Le texte promeut la création d’unités de drones de combat organiques, intégrées aux brigades, avec des cycles de décision décentralisés et des capacités de frappe autonomes, sur le modèle expérimenté par l’Ukraine. Il insiste sur l’urgence de former et certifier massivement des pilotes de drones et des spécialistes de la lutte anti‑drones, à des standards comparables à ceux de l’artillerie ou des unités aériennes. En toile de fond, une exigence : accélérer drastiquement les cycles d’innovation, de test et de mise en service, en rompant avec les procédures d’acquisition trop lentes.
L’Ukraine occupe une place centrale dans le dispositif proposé. Le rapport rappelle que le pays produit déjà plus de 4,5 millions de drones par an en pleine guerre, avec des cycles d’innovation de trois à six mois, et un écosystème où civils, start‑ups et forces armées co‑innovent en temps réel. Les eurodéputés demandent que cette expérience soit systématiquement intégrée dans l’EDTIB, via des programmes conjoints, des co‑entreprises, des échanges d’opérateurs et la présence d’une représentation de l’Agence européenne de défense en Ukraine.
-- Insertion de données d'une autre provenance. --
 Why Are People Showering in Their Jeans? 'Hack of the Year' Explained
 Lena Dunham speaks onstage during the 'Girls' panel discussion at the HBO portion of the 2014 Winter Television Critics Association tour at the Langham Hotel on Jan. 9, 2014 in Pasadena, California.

Cette coopération doit aller de pair avec un soutien renforcé : investissements directs, accès aux instruments européens (SAFE, EDF, EDIP), utilisation des avoirs russes gelés pour financer la montée en puissance de la filière drone ukrainienne, et alignement des achats européens sur les besoins du champ de bataille ukrainien. L’Ukraine est ainsi présentée à la fois comme partenaire stratégique, fournisseur de solutions éprouvées et source essentielle de retour d’expérience doctrinal.
Soutien aux PME, simplification réglementaire et cadre éthique
Le rapport souligne que près de 80% du tissu industriel des drones légers en Europe est composé de PME et de start‑ups, moteurs de l’innovation mais freinés par la complexité des financements et des appels d’offres. Il recommande des procédures allégées, des mini‑subventions, des instruments de financement direct tolérant l’échec, des clusters régionaux et des joint‑ventures avec les grands maîtres d’œuvre, afin de permettre à ces acteurs d’atteindre une masse critique.
Enfin, le texte encadre ce tournant technologique par un rappel des principes : respect du droit international humanitaire, maintien d’un « human‑in‑the‑loop » sur l’usage de la force létale et encadrement des systèmes autonomes, en particulier des essaims de drones activés par l’intelligence artificielle. Il appelle à harmoniser au niveau européen règles d’engagement, normes de certification, sécurité cyber et exigences de transparence, y compris pour l’emploi dual des drones dans la protection civile, la gestion de crise ou la surveillance des frontières.